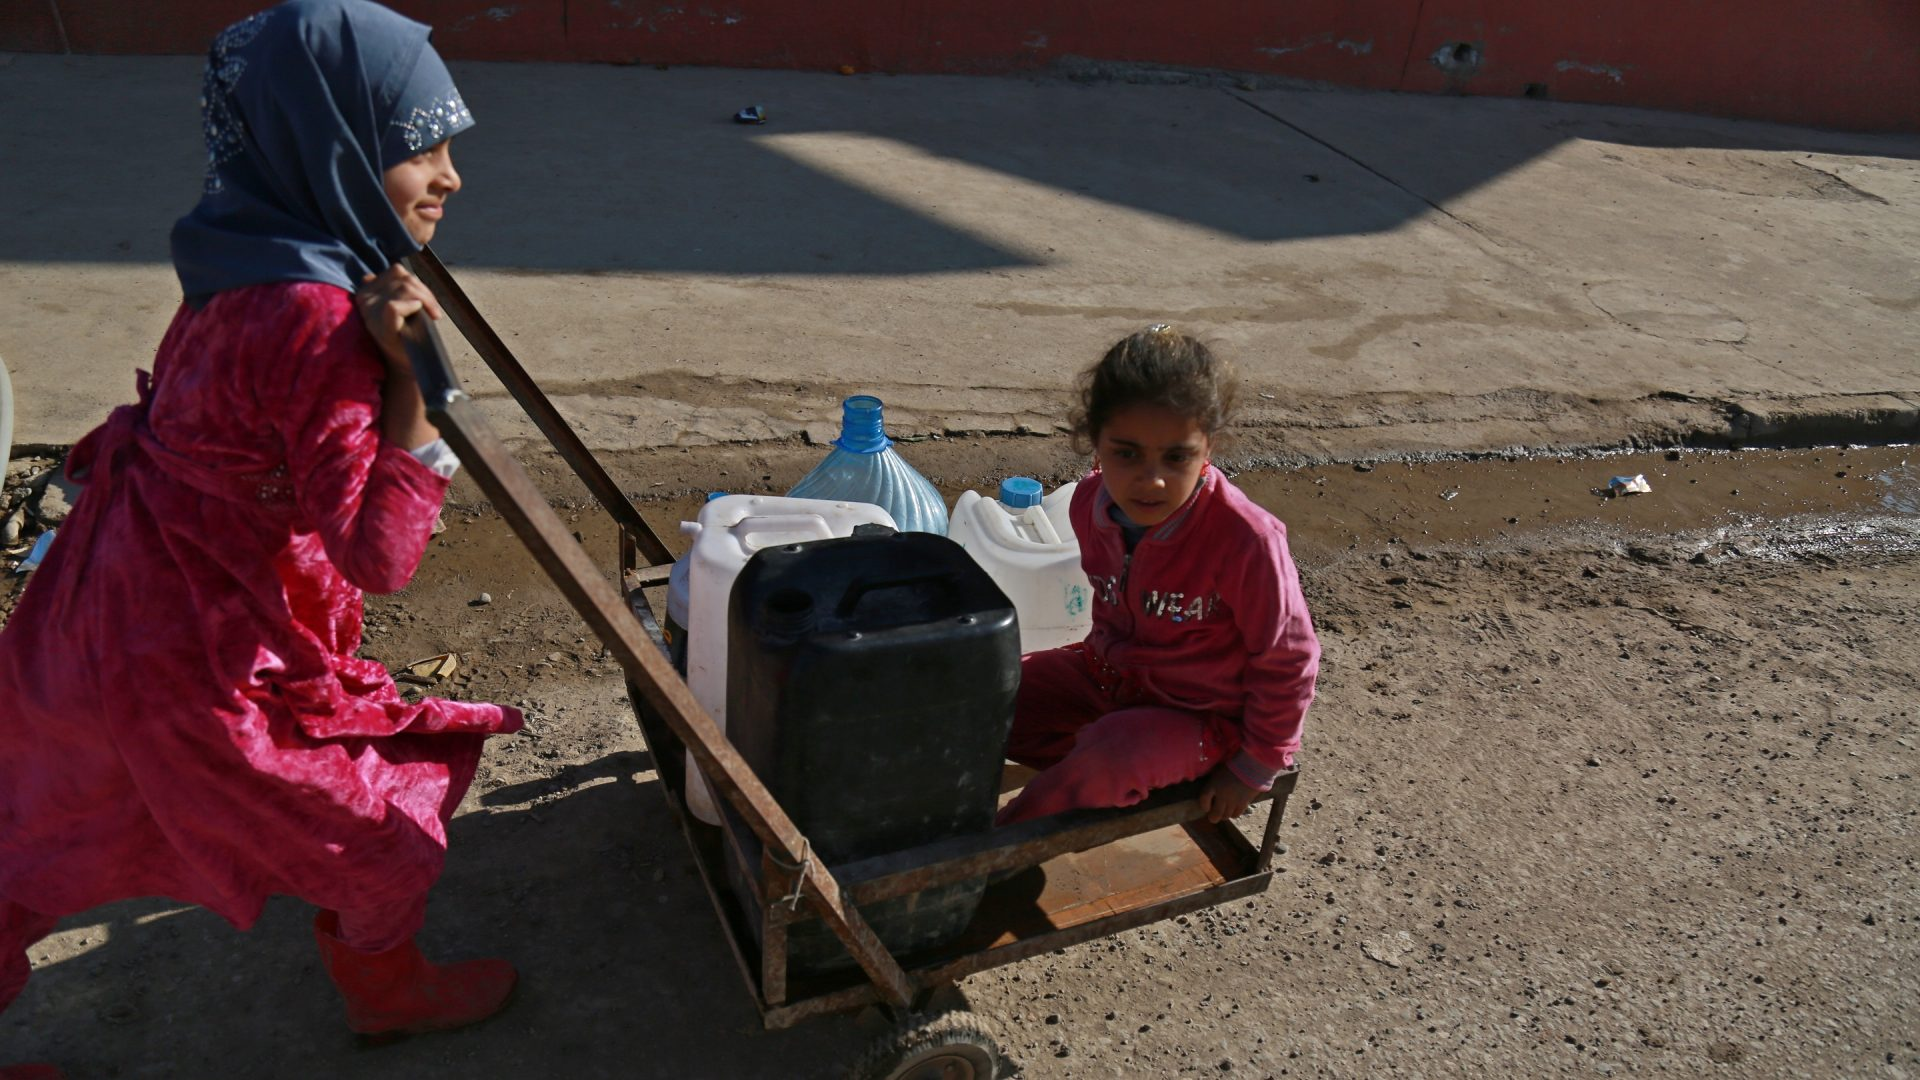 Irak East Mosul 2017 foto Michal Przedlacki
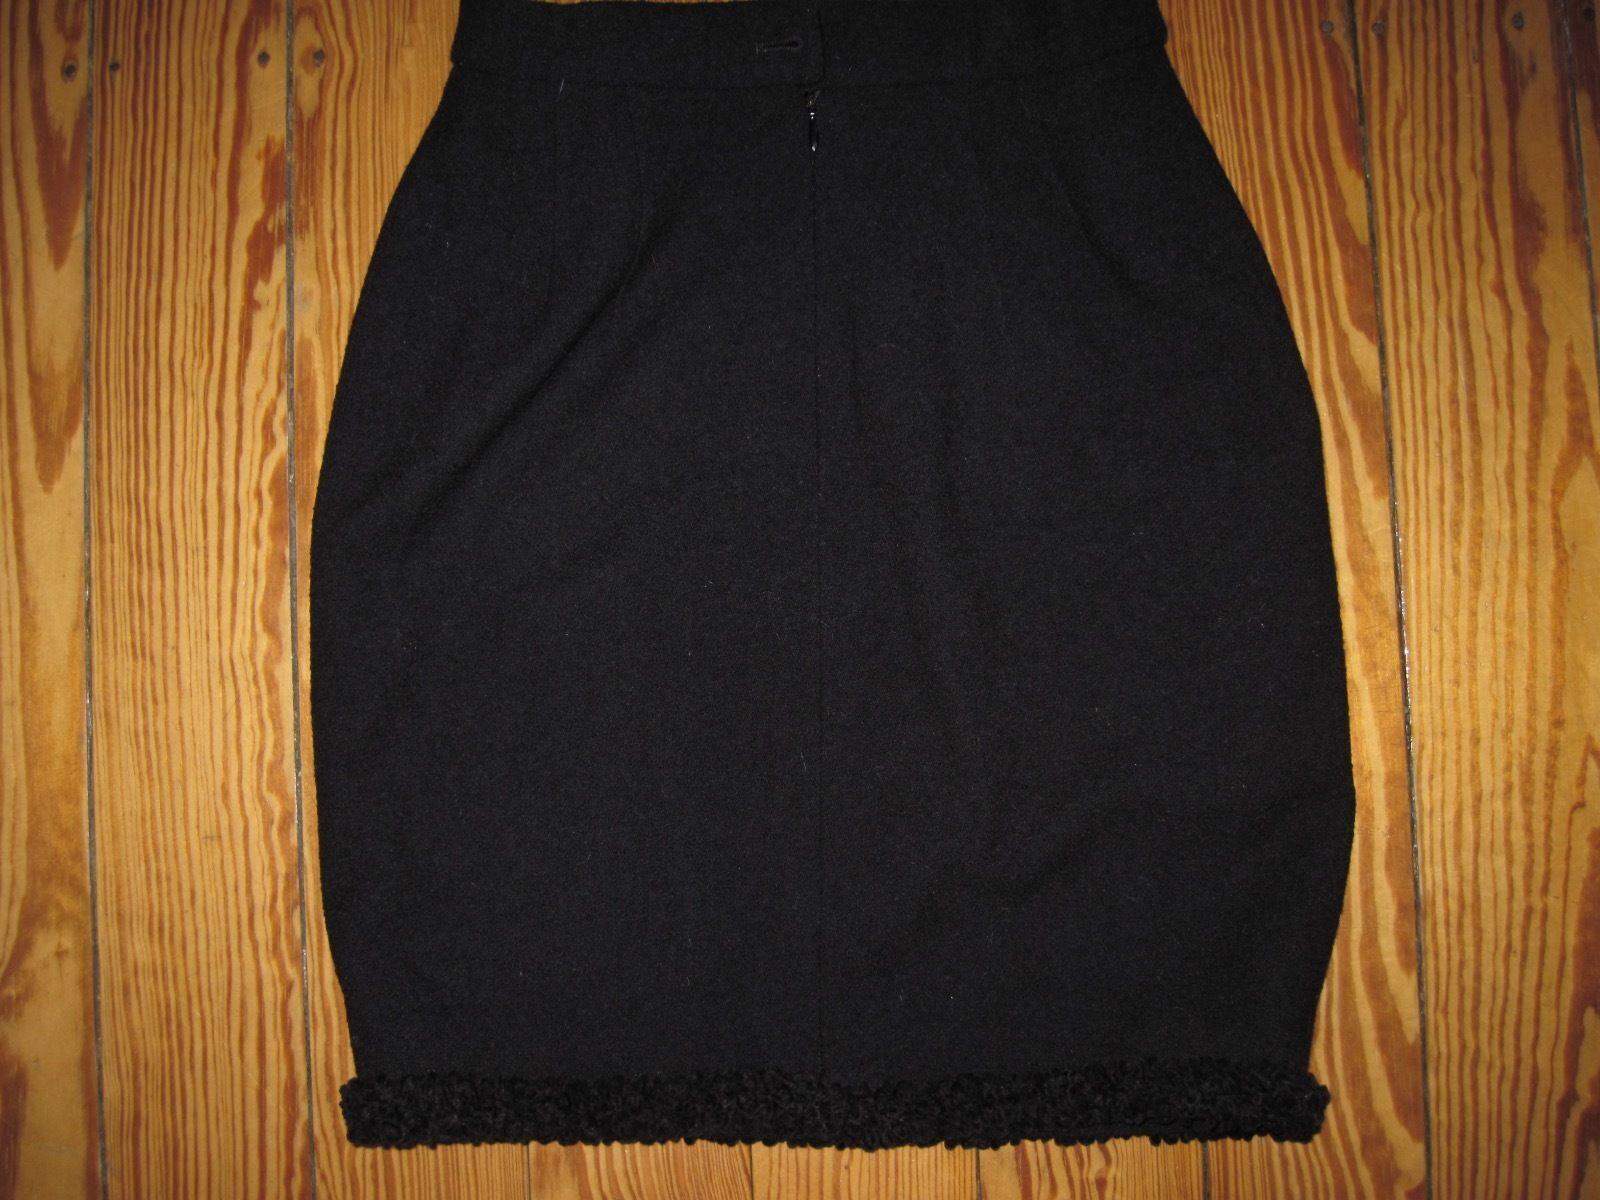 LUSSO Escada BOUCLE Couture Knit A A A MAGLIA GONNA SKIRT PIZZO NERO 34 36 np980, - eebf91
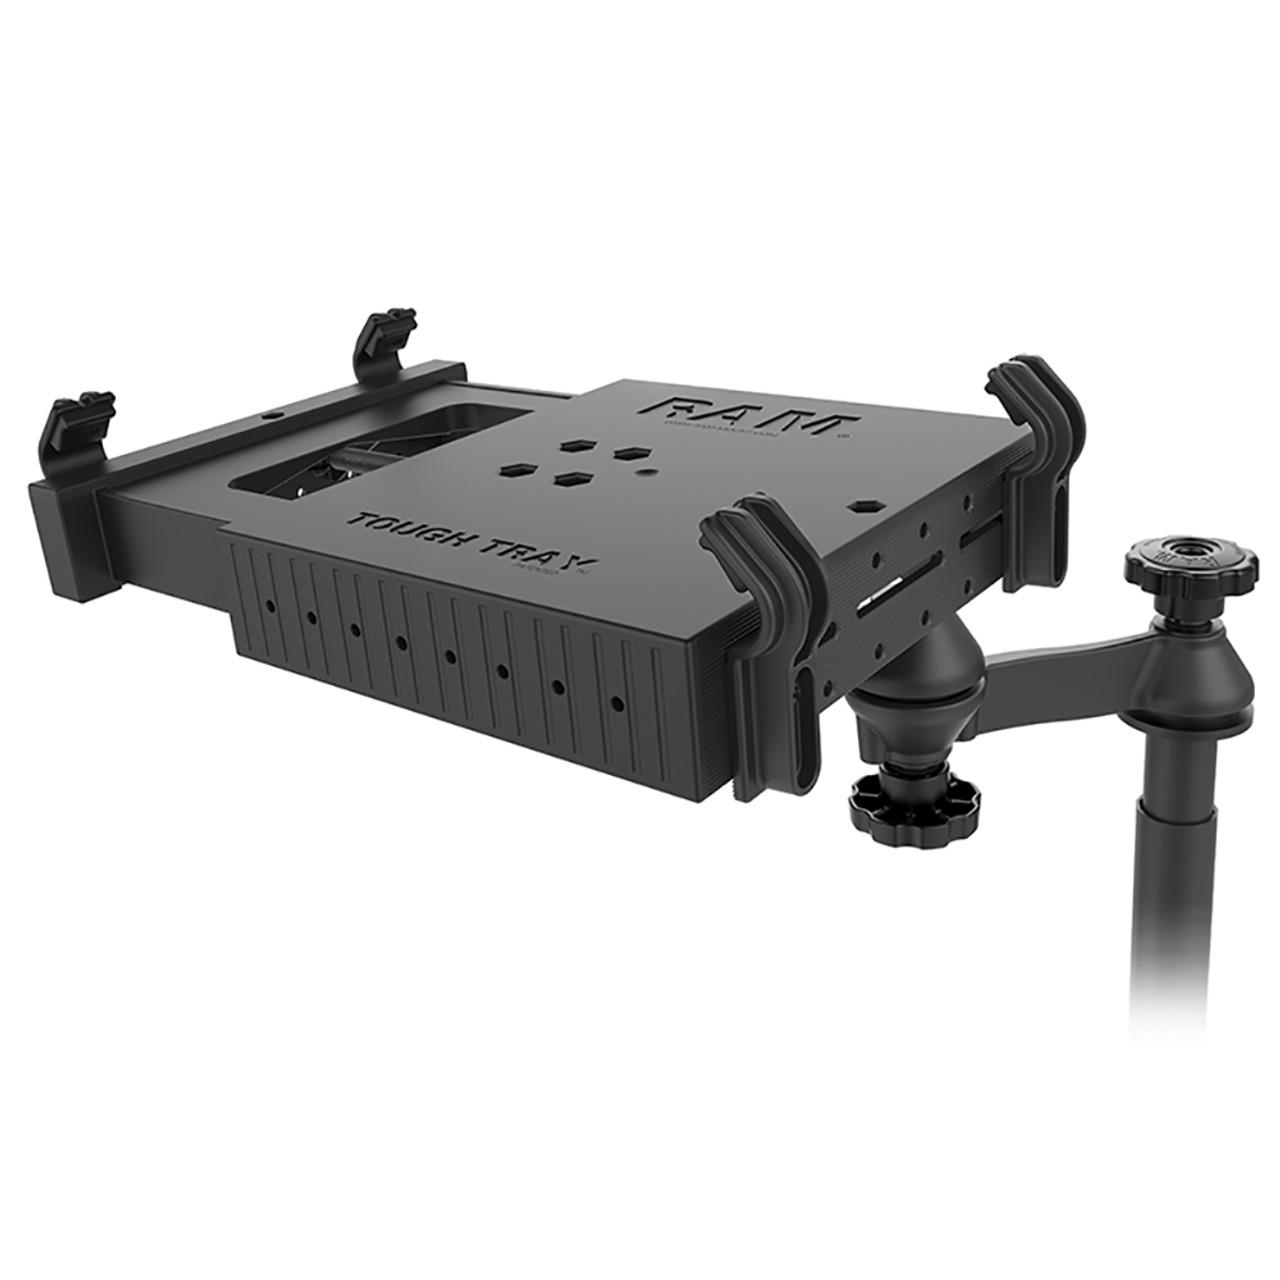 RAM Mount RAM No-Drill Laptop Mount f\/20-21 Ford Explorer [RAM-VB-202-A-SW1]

+-------+

* _Exercise instructions_: Return the material exactly as given above, picture-free.

* _Output_:
 Irak East Mosul 2017 foto Michal Przedlacki
 LUSSO Escada BOUCLE Couture Knit A A A MAGLIA GONNA SKIRT PIZZO NERO 34 36 np980, - eebf91
 RAM Mount RAM No-Drill Laptop Mount f\/20-21 Ford Explorer [RAM-VB-202-A-SW1]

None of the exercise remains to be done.